- _What the task asks_
Would you return the listing that follows exactly, leaving its pictures behind?

- _Given information_
*** Block opens ***
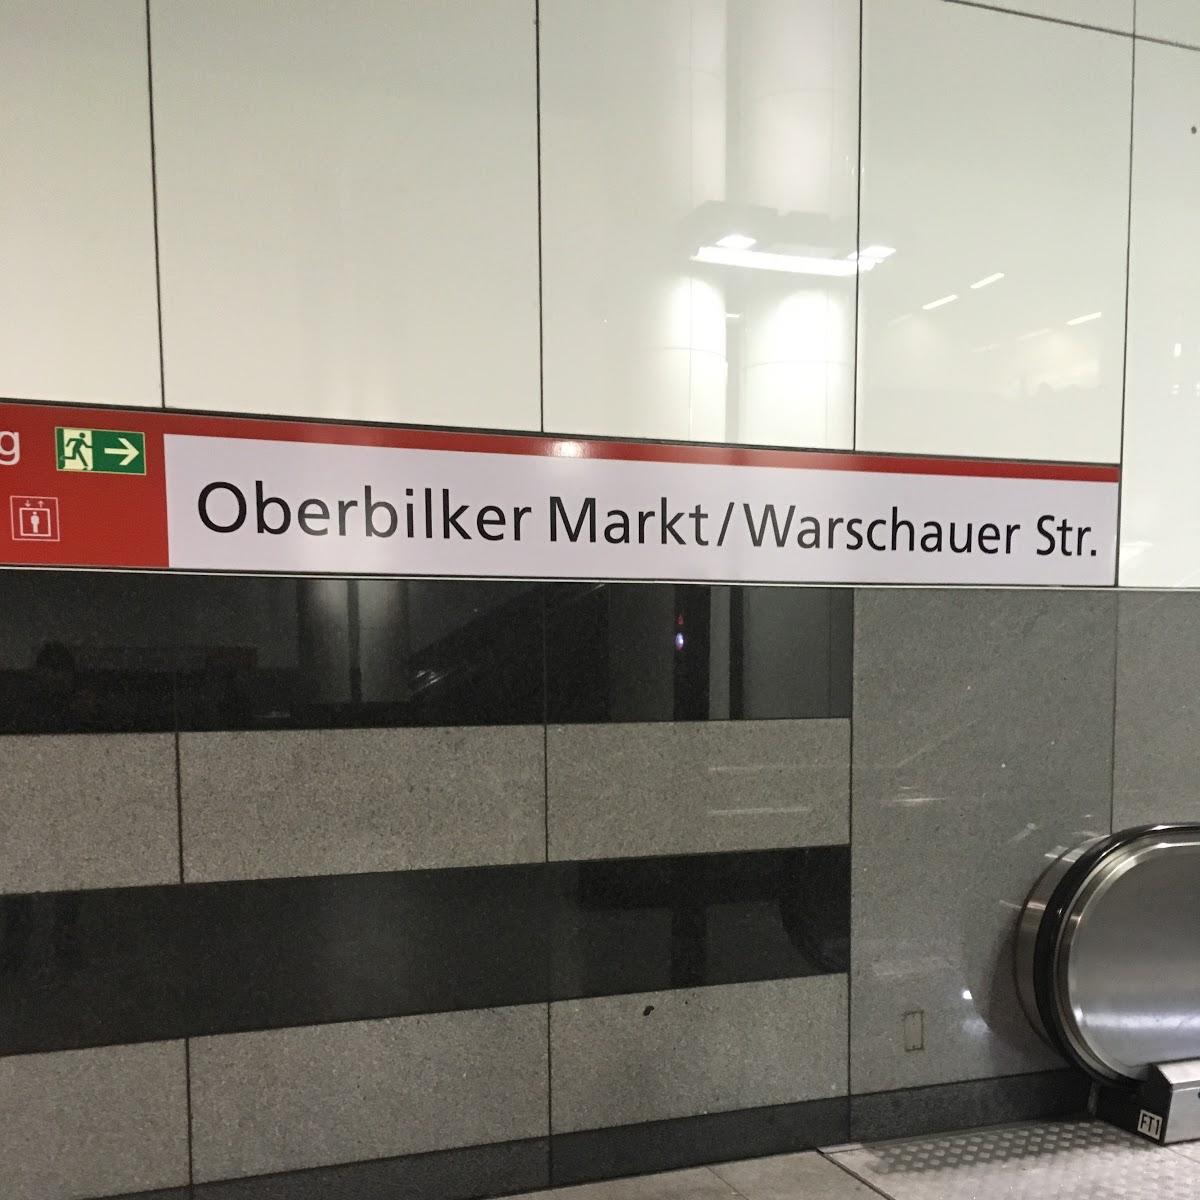 Restaurant "Oberbilker Markt" in Düsseldorf
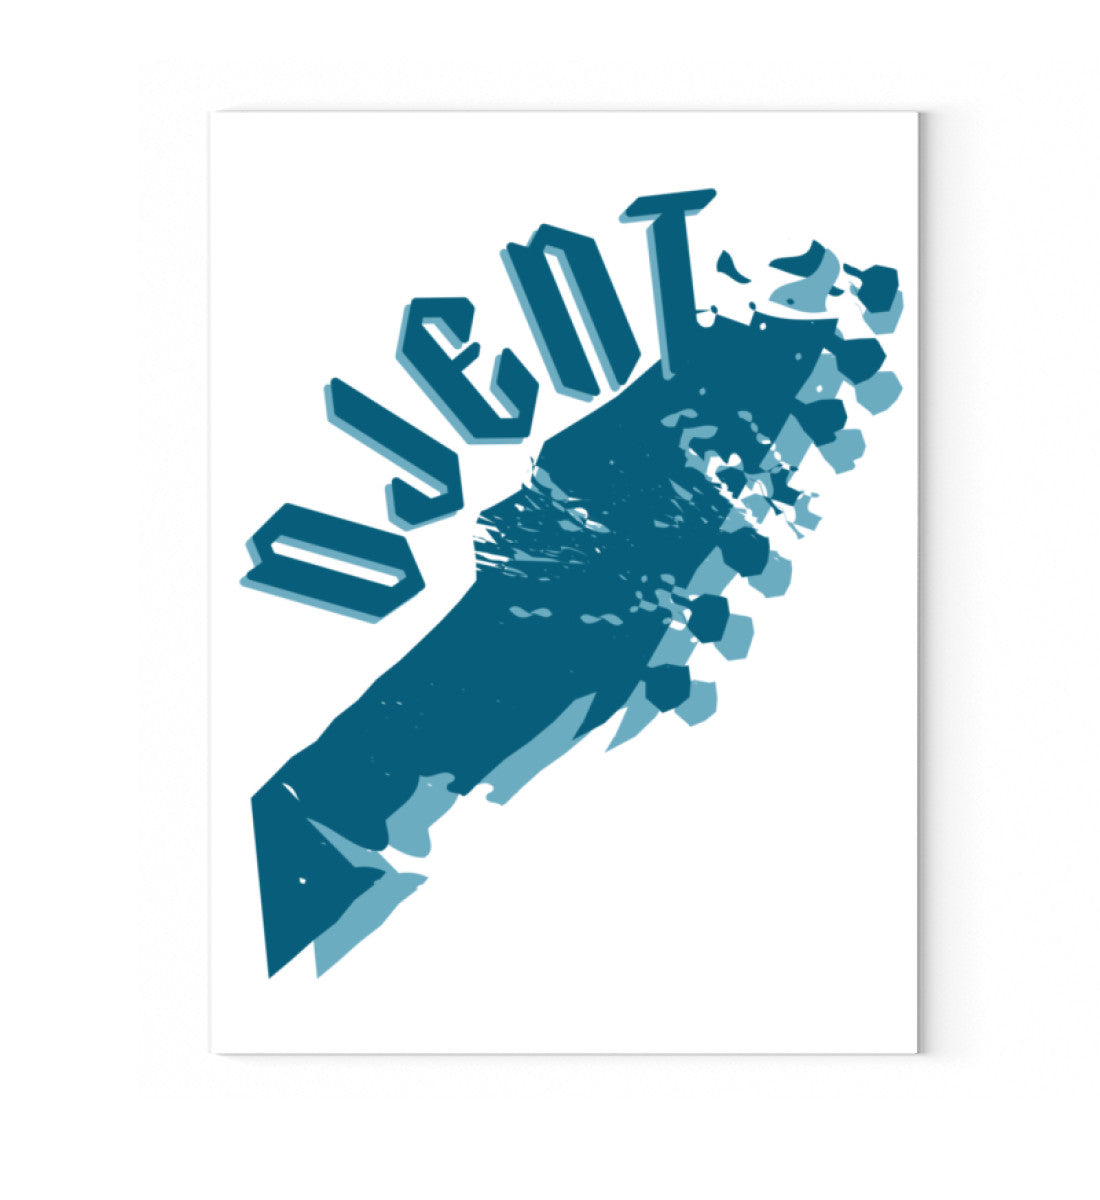 Leinwandbild auf Holzkeilrahmen aufgezogen mit Druck Design der Roger Rockawoo Kollektion Djent Guitar
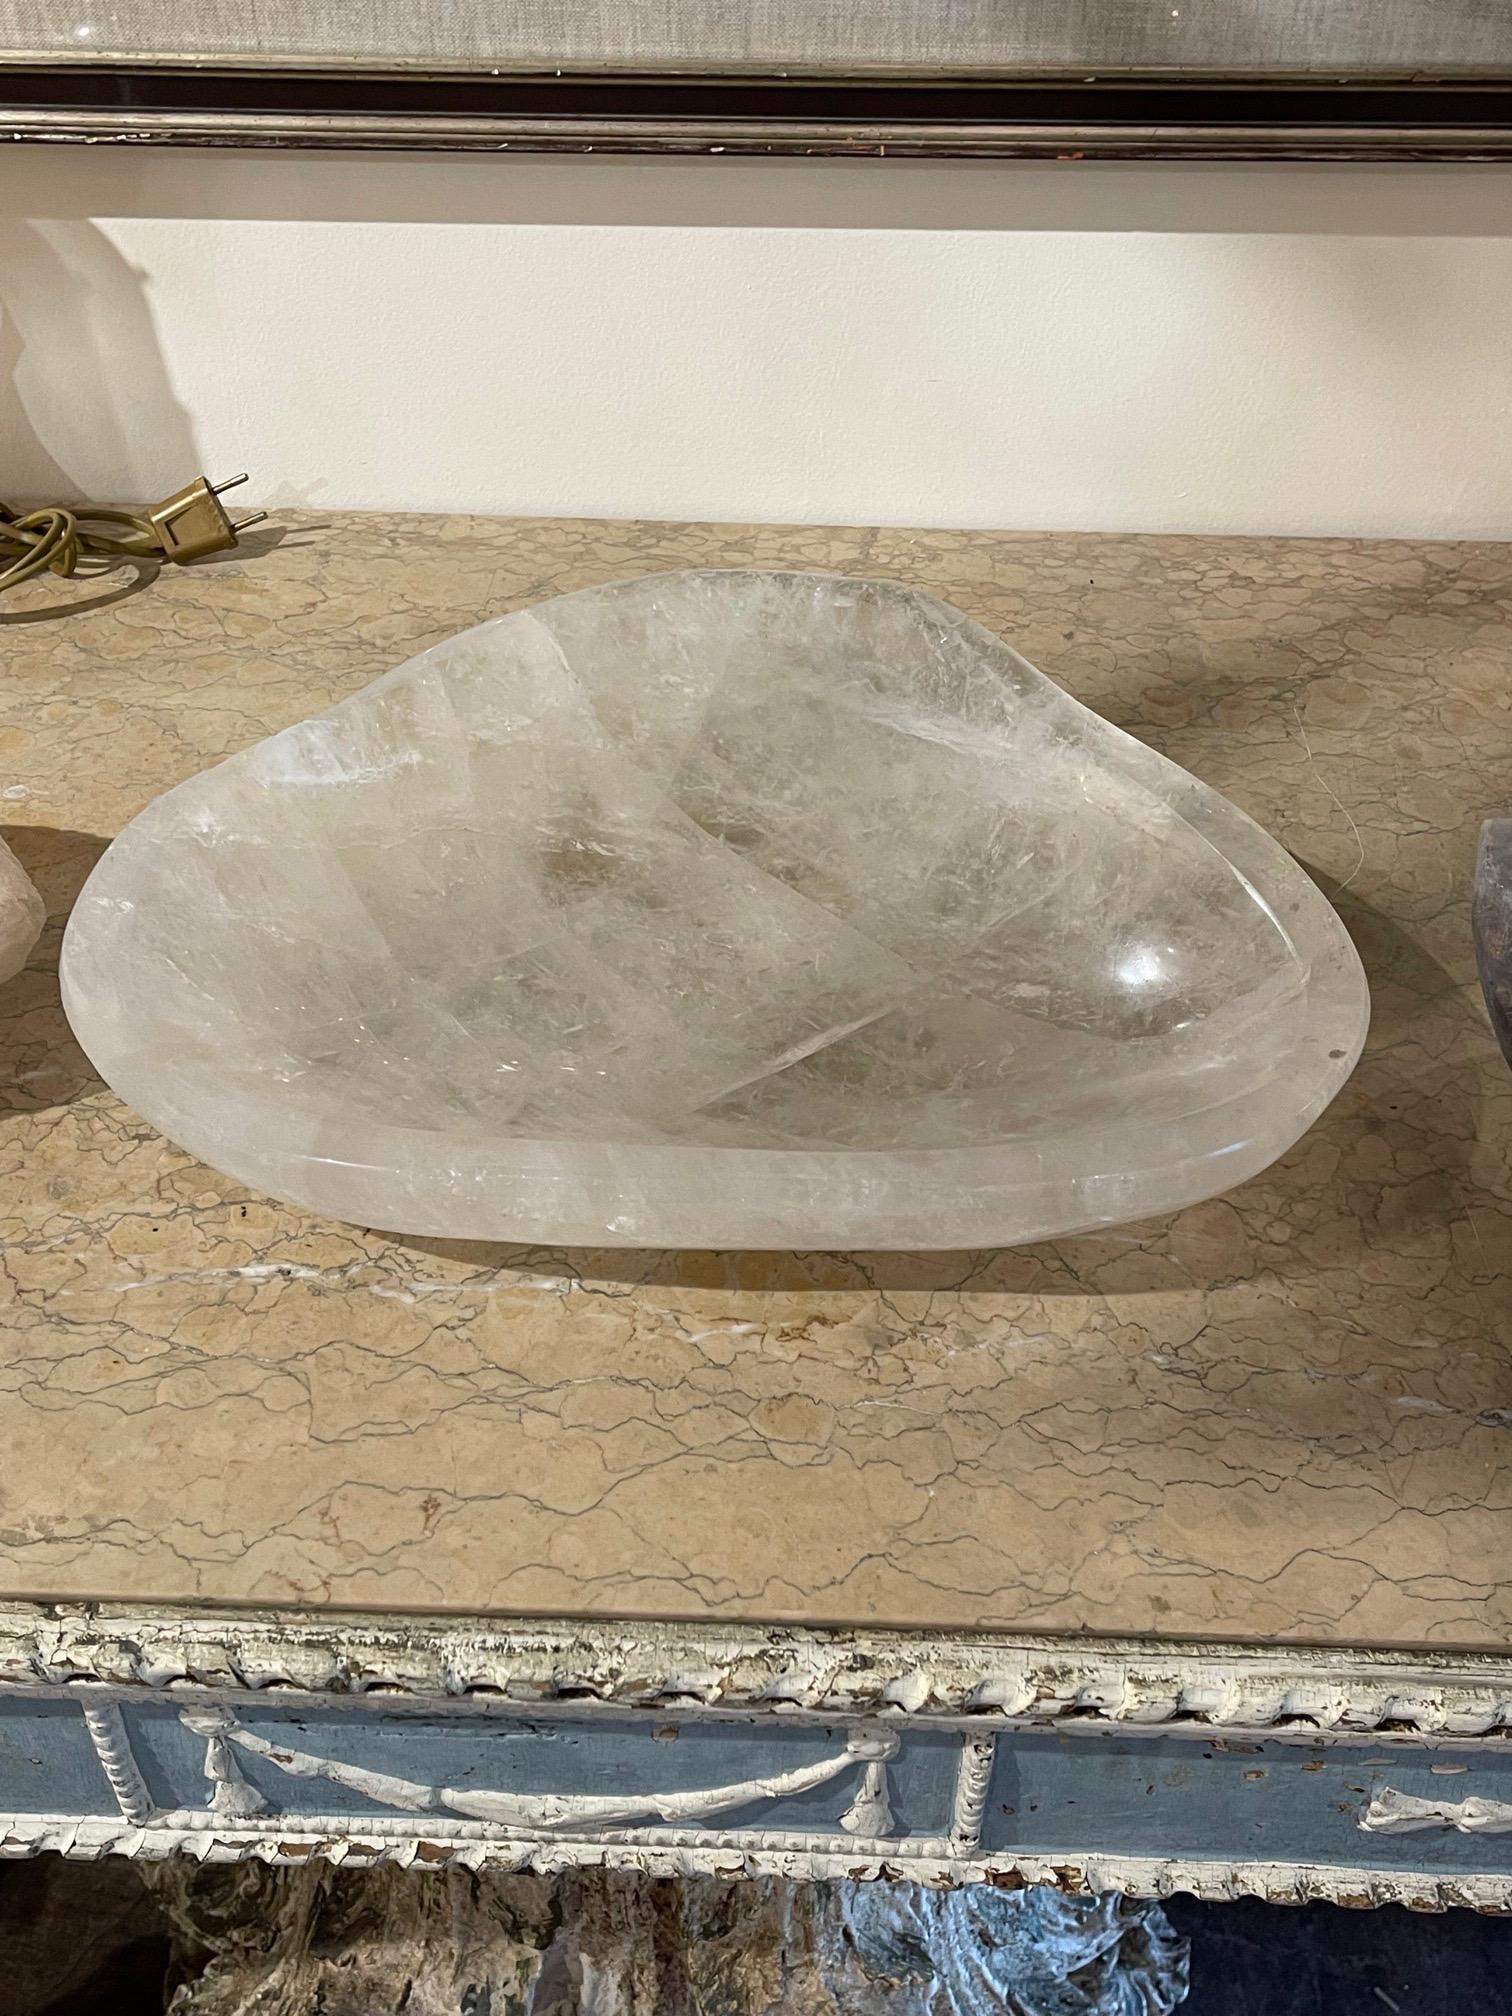 Magnifique bol en cristal de roche de quartz poli provenant du Brésil. Un élément décoratif étonnant pour une belle maison !
*** Block closes ***
- _Finished task_
 Restaurant "Oberbilker Markt" in Düsseldorf
 Leinwandbild auf Holzkeilrahmen aufgezogen mit Druck Design der Roger Rockawoo Kollektion Djent Guitar
 Magnifique bol en cristal de roche de quartz poli provenant du Brésil. Un élément décoratif étonnant pour une belle maison !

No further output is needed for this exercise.